Japanese PM and finance minister under pressure over land sale scandal

13 Mar 18

Japan’s prime minister Shinzo Abe and finance minister Taro Aso are under pressure over suspected cover-up of a cronyism scandal.

The finance ministry has admitted that officials falsified documents related to a state land sale last year.

The documents, seen by Reuters, showed that references to Abe, his wife and Aso were removed from the ministry records of the discounted sale of state-owned land to a school operator with ties to Abe’s wife, Akie.

The references did not appear to show that Abe or his wife intervened directly in the deal.

Abe told reporters in Tokyo on Monday: “We’ll continue the investigation to get to the bottom of why this happened - I want finance minister Aso to take responsibility for that.

“This situation has shaken public trust in the whole administration, and as its head, I feel responsibility and deeply apologise to the people.”

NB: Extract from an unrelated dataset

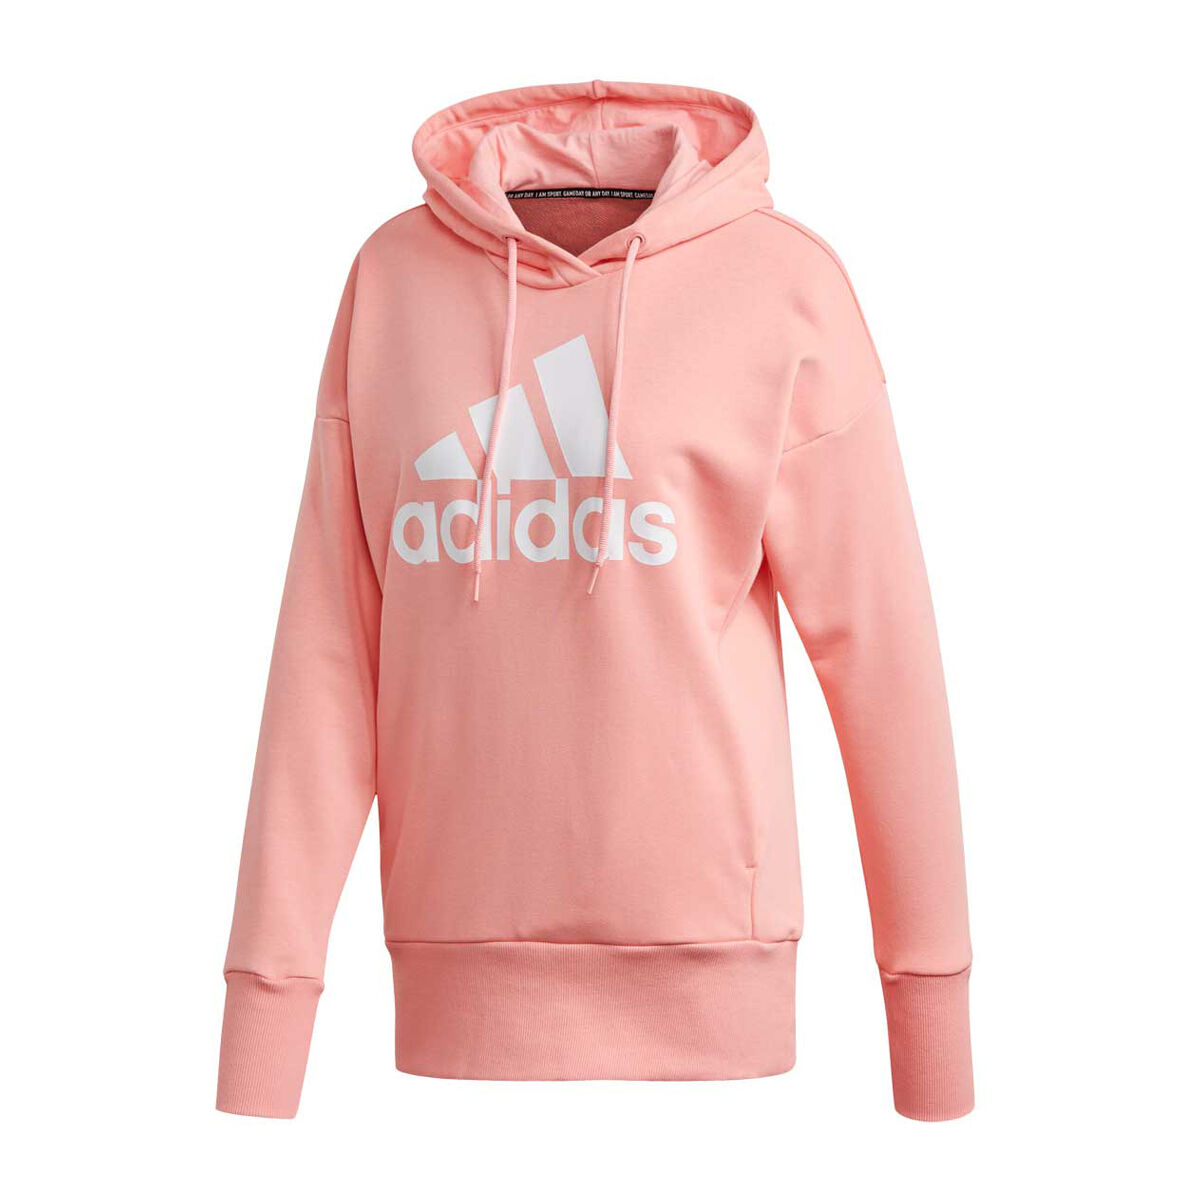 womens adidas hoodie pink
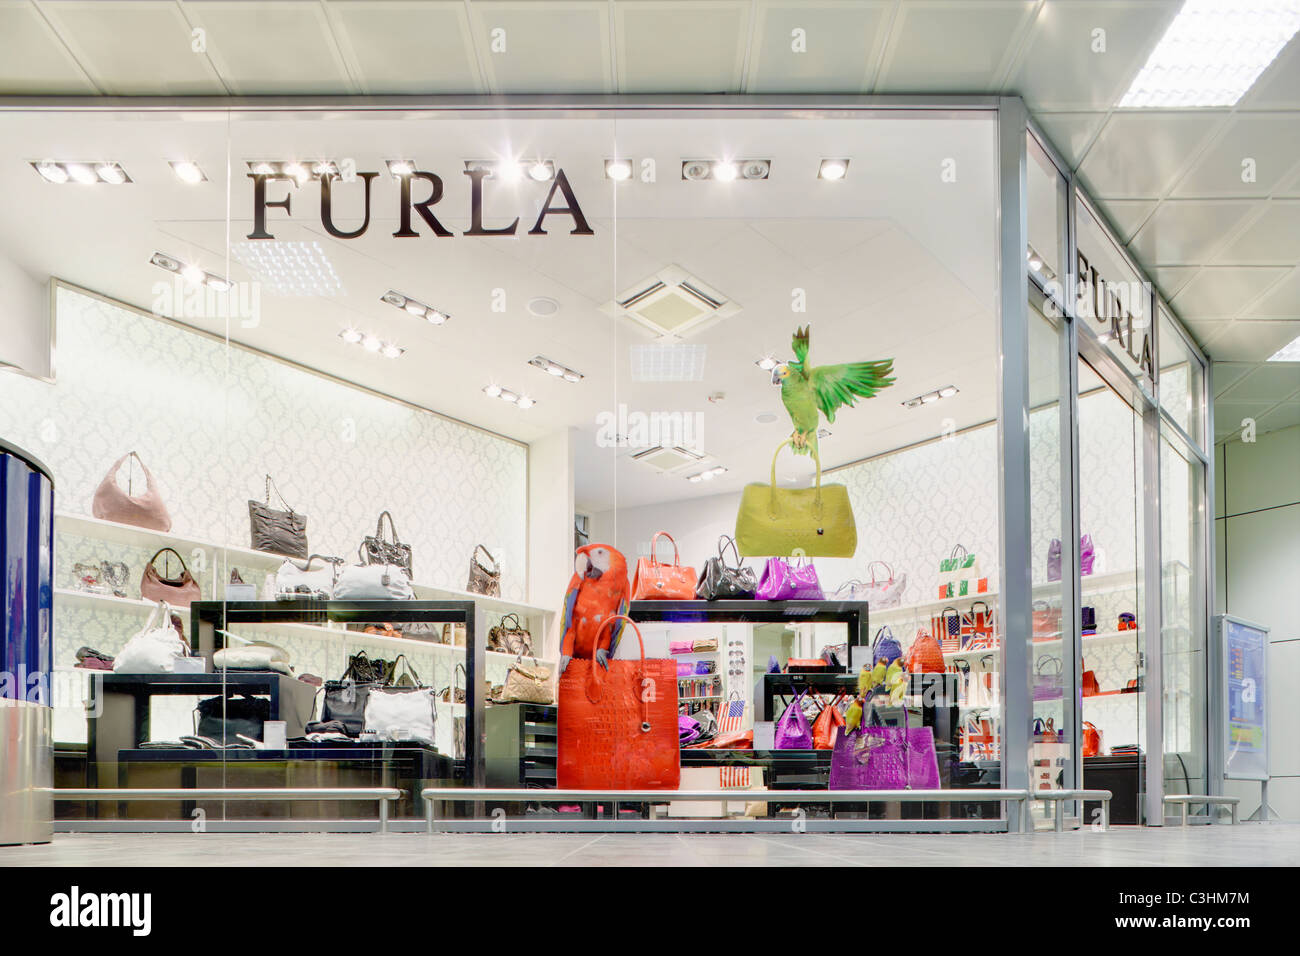 Sacs à main de luxe boutique marque Furla store dans le centre commercial terminal des départs à l'aéroport Guglielmo Marconi de Bologne Italie Banque D'Images

The prime minister told parliament last year, when the scandal broke, that he would resign if any link emerged between himself or his wife over a property deal in which a school with connections to ultra nationalists bought public land at a heavy discount.

The scandal first emerged last year when Asahi newspaper reported that educational foundation Moritomo Gakuen bought government land for a fraction of the price of comparable plots.

Abe is Japan’s longest serving prime minister after taking office in 2012, with the promise to reboot the economy and defence.

Aso said on Monday he would not resign over the revelation. But he told reporters: “It could shake confidence in the administration as a whole. I strongly feel responsibility as the head of administration.”

He said at a separate news conference that a number of officials at his ministry division in charge of the sale had altered the documents. 

A finance official said that 14 items had been altered in the documents after February last year at the instruction of the ministry’s financial division to match parliament testimony.

After this emerged on 9 March, Nobuhisa Sagawa, the head of the National Tax Agency who had previously overseen a Finance Ministry division involved in the land sale, resigned.

Opposition Democratic Party leader Yuichiro Tamaki told reporters: “It has become clear that there was a cover-up and falsification.” He also called on Aso to resign and urged the parliament to hold hearings on the matter.

Despite the scandal last year, Abe led his party to a landslide election win in October last year.

The relationship between Abe’s wife and the educational foundation was no secret and Akie made at least three speeches at a kindergarten operated by Moritomo Gakuen. In September 2015, she was named honorary principal of the elementary school that the foundation planned to operate on the land in question, Asahi newspaper reported.